Gene ontology enrichment analysis of target genes of down-regulated miRNA clusters. (A) Classification according to the molecular function of genes, (B) classification according to biological processes in which target genes are involved, (C) classification according to protein class and (D) classification according pathways used in target gene signalling (first 20 most abundant pathways are plotted).

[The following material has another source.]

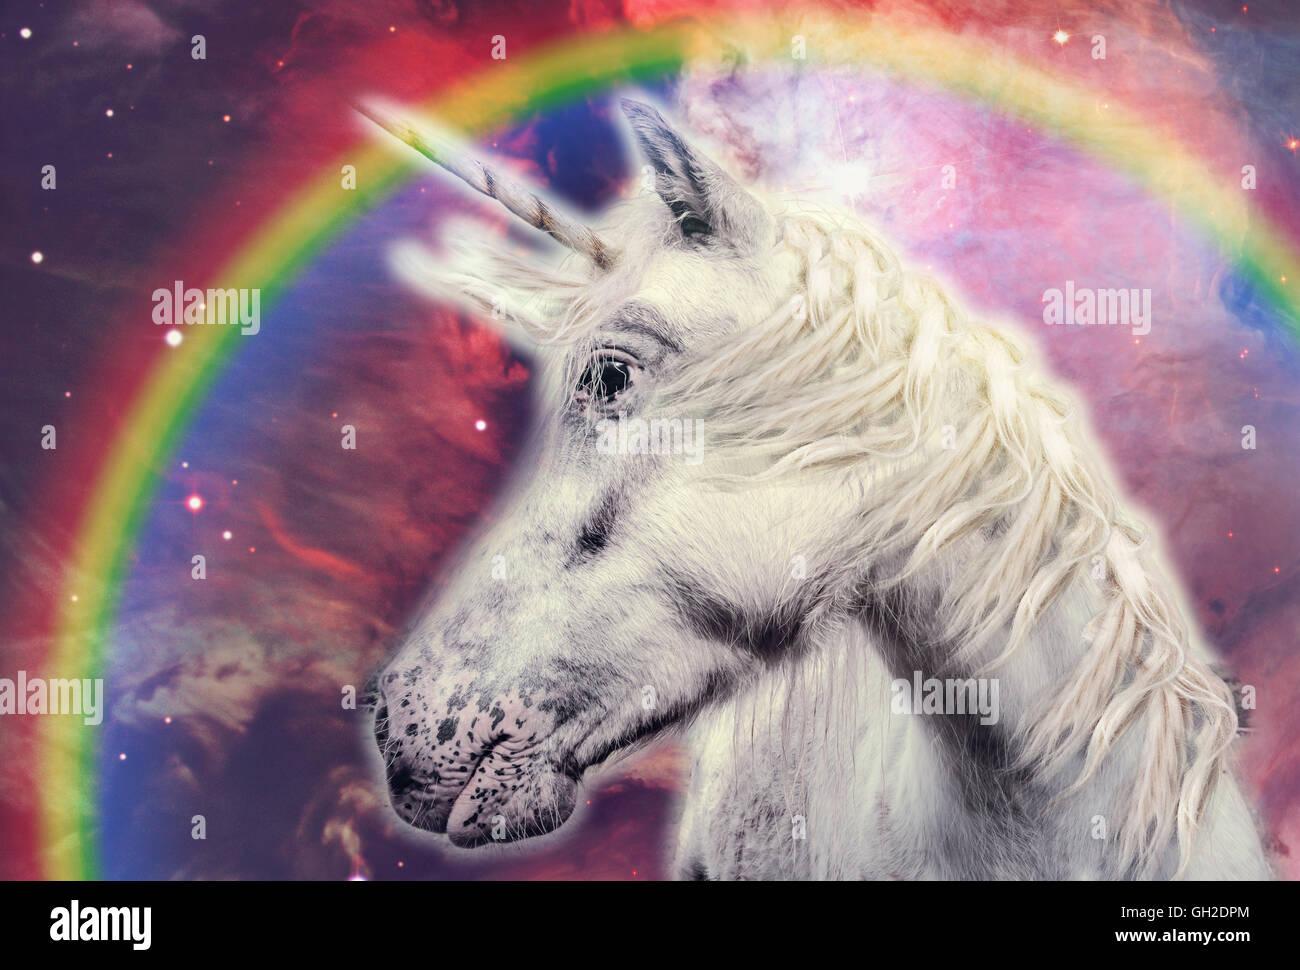 Unicorn With Rainbow In The Galaxy Stock Photo Alamy
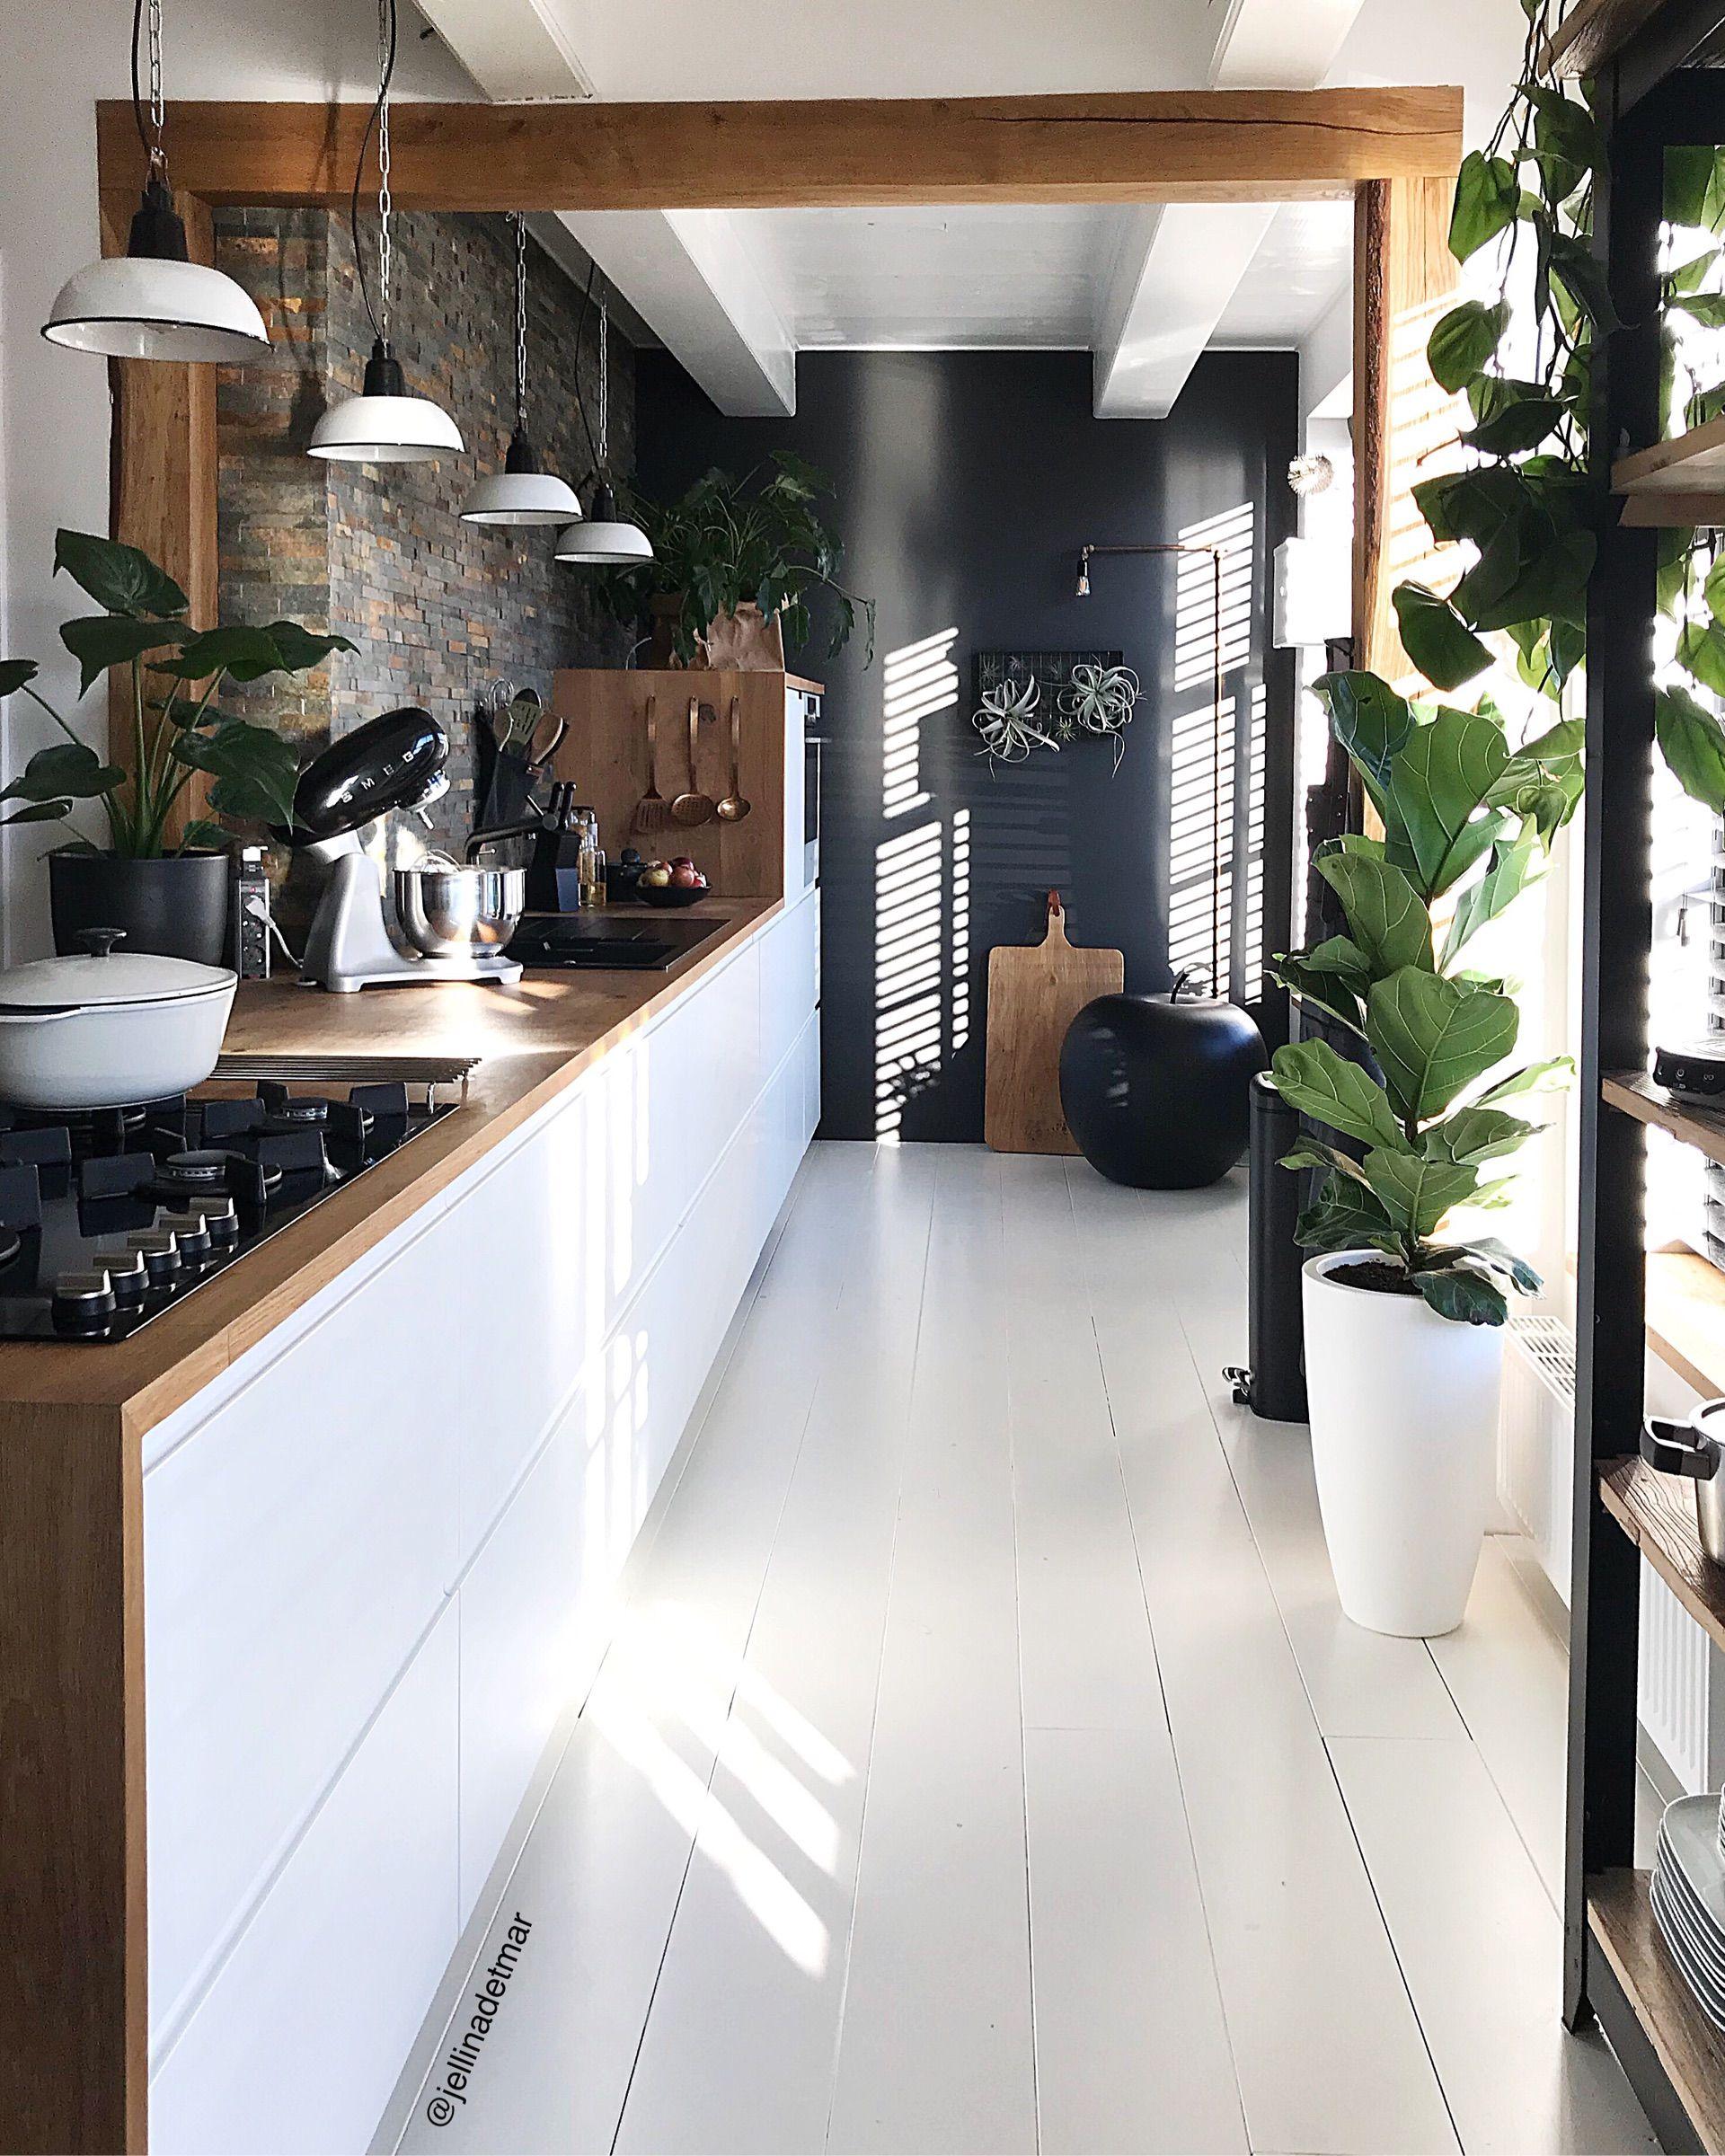 Küchengestaltung im europäischen stil keuken  binnenkijken bij jellinadetmar  pinterest  cocinas casas

The involvement of cluster miR-15/16 in CRC regulation was expected, in spite of the fact that the tumour-suppressive role of this cluster was originally discovered in chronic lymphocytic leukaemia [124]. As this cluster targets many genes, its effects are diverse, involving cell cycle control, apoptosis, cell migration and chemo- and radiosensitivity induction (Supplementary Table S3). However, it is surprising that cluster miR-143/145, known for its enrichment in vascular tissue and role in early heart morphology and vascular smooth muscle cell differentiation [61], shows such strong pleiotropic effects in CRC [138,139]. Cluster miR-206/133b, known mainly for its muscle-specific expression and capacity to regulate muscle development, function and regeneration, has been shown to be involved in regulation of CRC, mainly via its developmentally-active target genes (e.g., NOTCH3 and HOXA9). Similarly, cluster miR-302b/302c/302a/302d/367 is involved in the control of pluripotency, self-renewal and reprogramming in human embryonic stem cells [162], which although rarely studied with respect to CRC, has been found to be especially useful in the induction of sensitivity to chemotherapy [24,163]. It seems that, although down-regulated clusters show tumour-suppressive functions via a wide range of target genes, it is possible to observe specific effects in some of them. As transcription of several miRNAs can be induced by one TSS, eventually, two TSSs could be used to activate two tumour-suppressive clusters with complementary functions to achieve better outcomes.

6. Conclusions

Taken together, down-regulated clusters are in most cases localised within genes (usually within introns) and fulfil tumour-suppressive roles. In spite of growing evidence about the regulation of miRNA transcription, a unifying mechanism of their decreased expression is not available. Even if a miRNA is localised inside a host gene and is transcribed along with it, there can still be several TSSs that can regulate miRNA transcription under specific conditions. Information about the transcriptional regulation of miRNA clusters has excellent potential to be used in translational research. This assumption is supported by the presence of several clusters that share important properties—their expression is decreased in CRC and they show oncostatic capacity. Better knowledge about the transcriptional regulation of tumour-suppressive clusters in CRC may, in the future, open the possibility of multi-target therapeutic manipulation executed via the activation of one promoter.